Data START

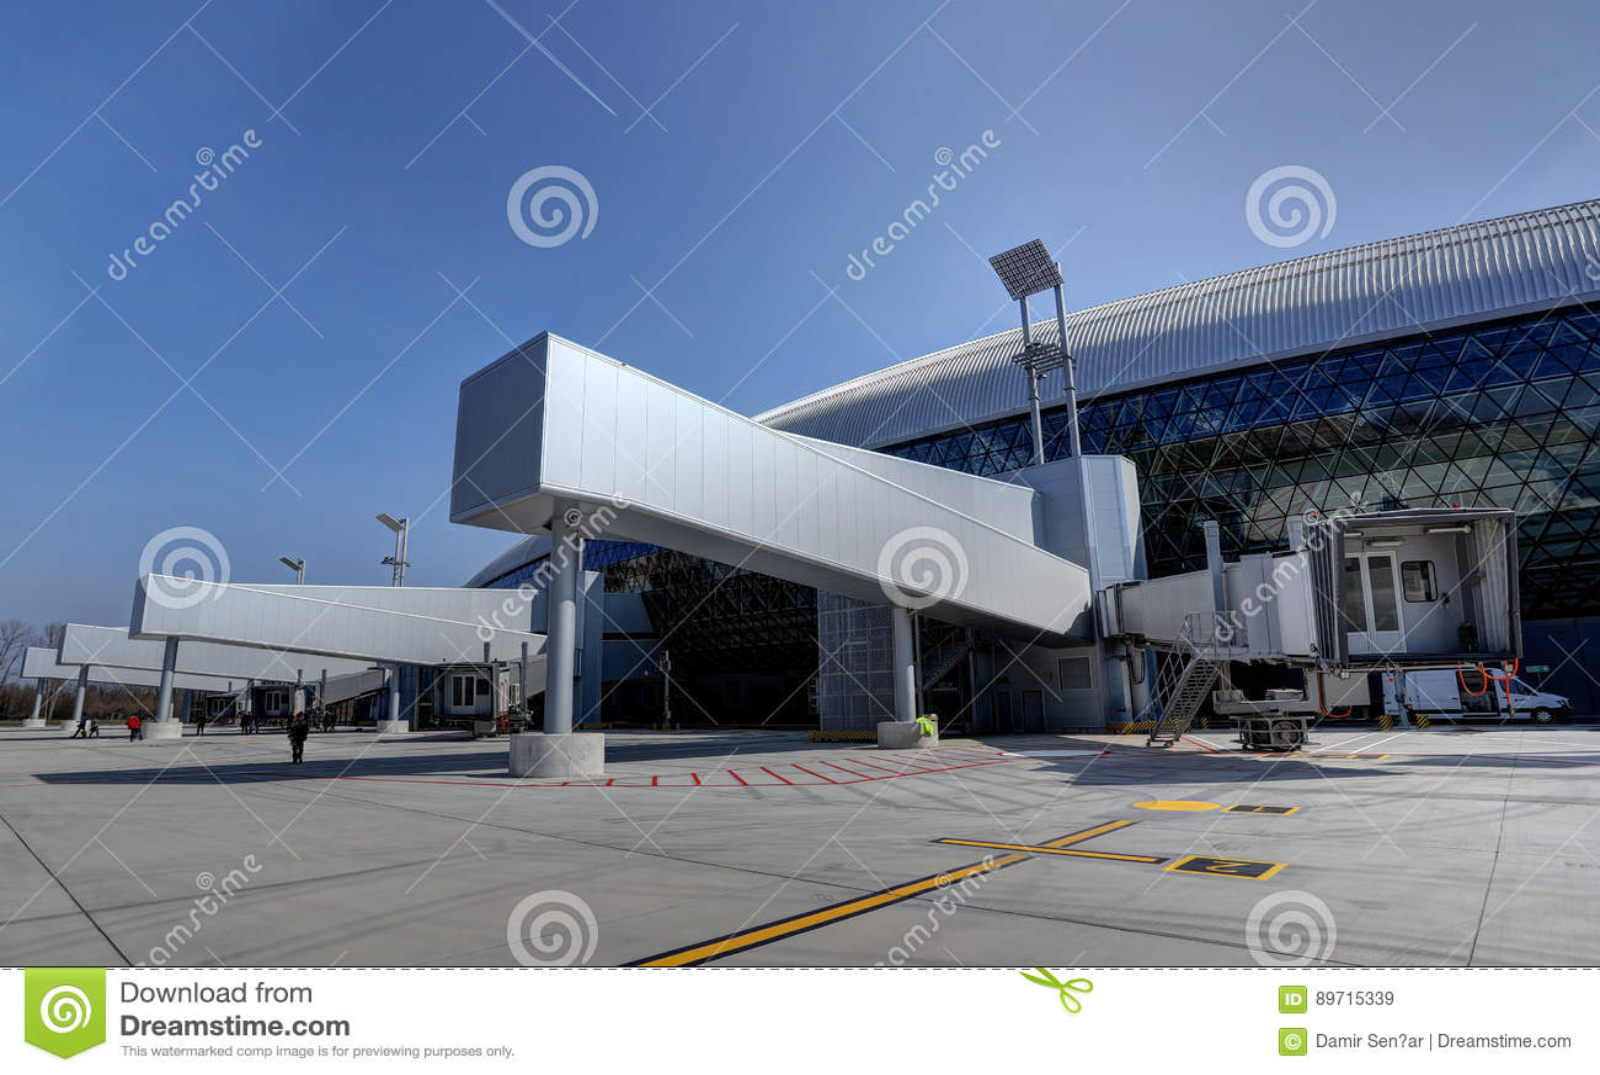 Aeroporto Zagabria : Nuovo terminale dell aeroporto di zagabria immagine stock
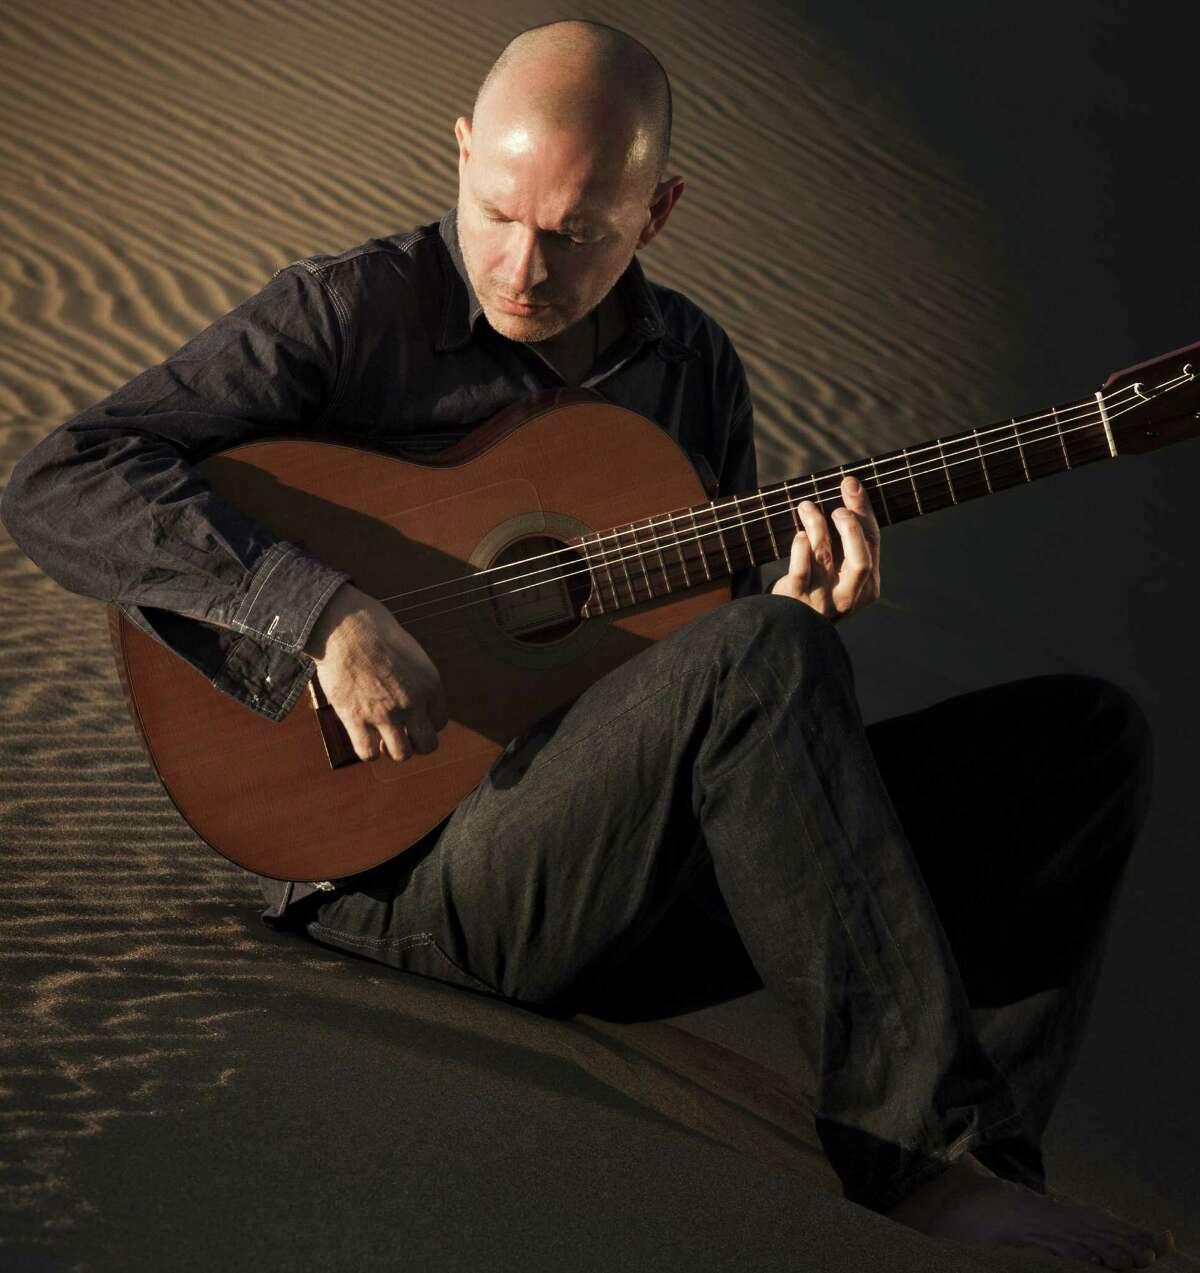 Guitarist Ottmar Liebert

Data END
Data START

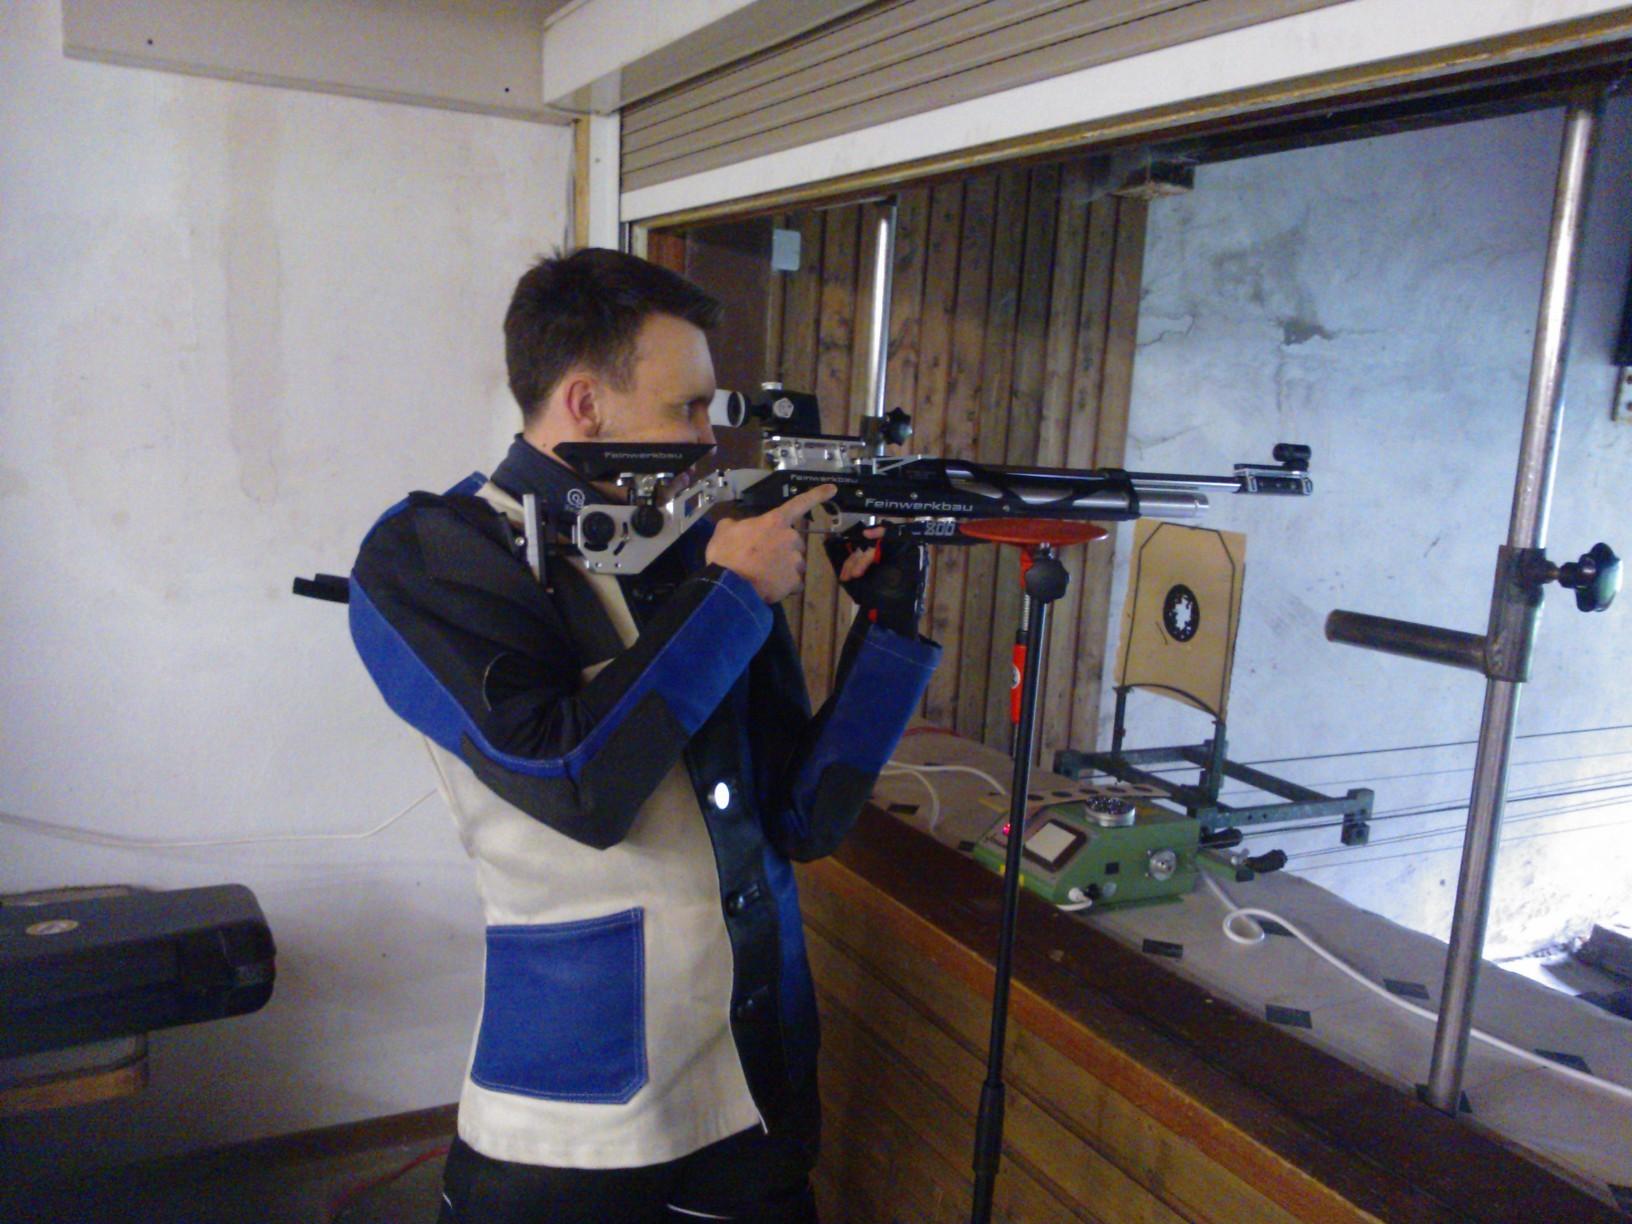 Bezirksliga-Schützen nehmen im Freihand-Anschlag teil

Data END

What the exercise asks: The line holding "Aeroporto Zagabria : Nuovo" starts the copy and the line holding "Guitarist Ottmar Liebert" ends it. Repeat those two lines above and all between them exactly, leaving out pictures.

Answer section:
 Aeroporto Zagabria : Nuovo terminale dell aeroporto di zagabria immagine stock
 Guitarist Ottmar Liebert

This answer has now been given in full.